I disegni. Il tratto di Gipi di "Questa è la stanza" è quello che preferisco. Molti avranno degli occhi la sua ultima fatica, "La terra dei figli", che ha uno stile che non sono riuscito ad apprezzare, forse funzionale alla storia ma troppo rozzo, altri le splendide copertine di "Orfani: Terra" giusto per citare le cose più recenti ma comunque agli antipodi l'una dall'altra per quel che riguarda l'approccio stilistico. In questa opera invece, sebbene datata 2005 nella sua prima edizione, l'artista è già al suo top per impatto visivo. Sono i colori a fare la differenza, essi portano le tavole a un livello d'eccellenza. Non a caso con "Questa è la stanza" ha portato a casa il premio Micheluzzi come miglior disegnatore nel 2006.

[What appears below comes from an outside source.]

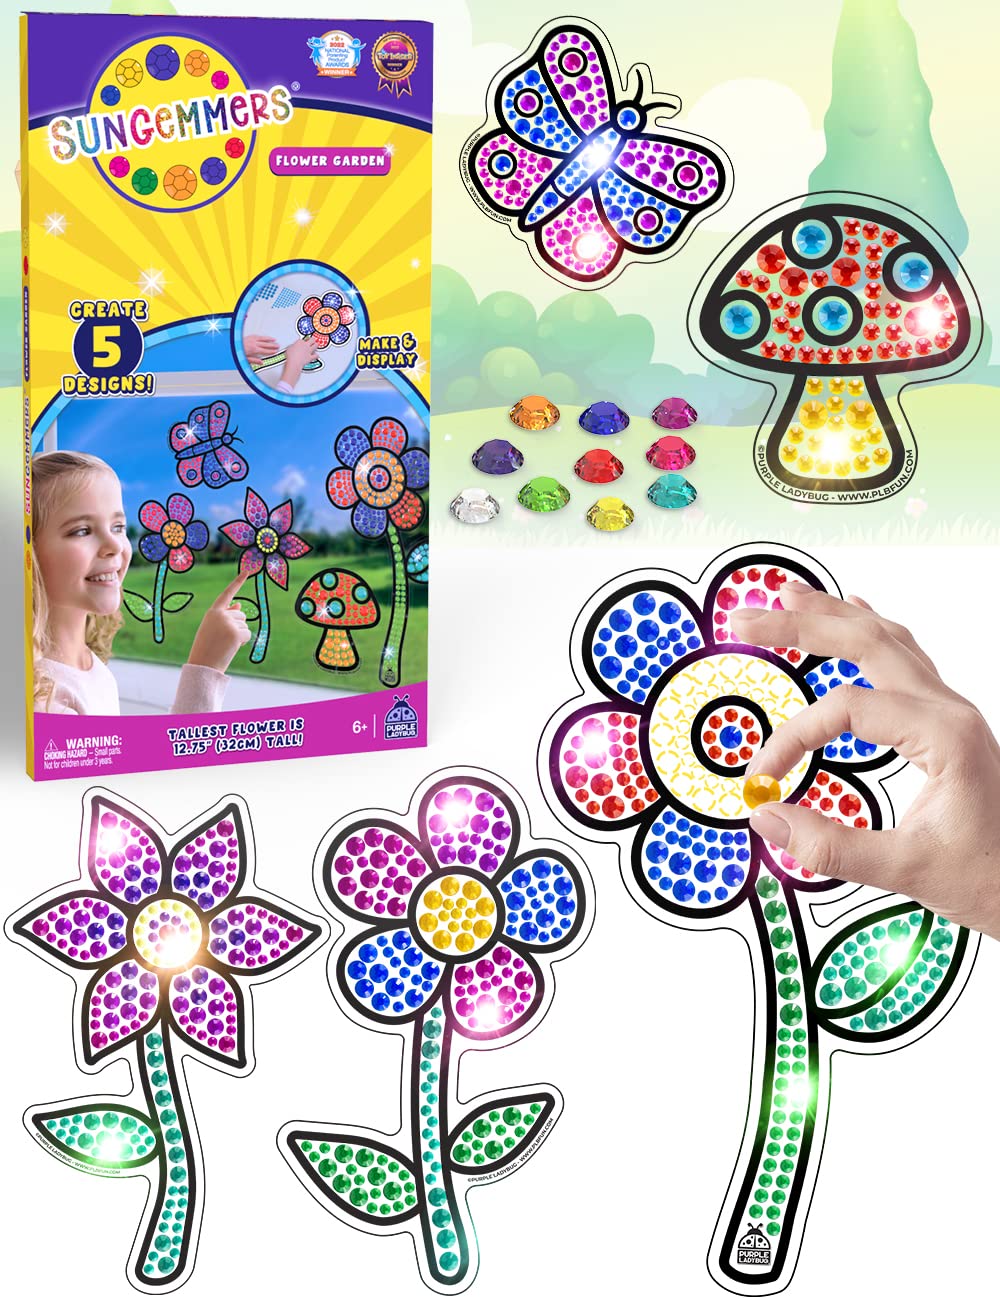 WEKEY Window Art Suncatcher Kits for Kids,Diamond Painting Kits for  Kids,Gem Art Crafts for Girls Ages 8-12, Birthday Kids Crafts Gifts for  Girls

L'edizione. Lungi da edizioni pompose e fin troppo autoreferenziali o di formati extra-large di scomoda lettura, la Coconino Press - Fandango stavolta ha sfornato un'edizione perfetta (ho tra le mani la nuova edizione del 2015), un brossurato con ottimo cartoncino di copertina, 120 pagine in formato 17 x 24 cm e una resa ottimale dei colori. Diciassette euro il costo. Tanti? Pochi? Li vale tutti, c'è poco da rompere i coglioni. 


In conclusione è la mia opera preferita di Gipi, non credo ci sia altro da aggiungere.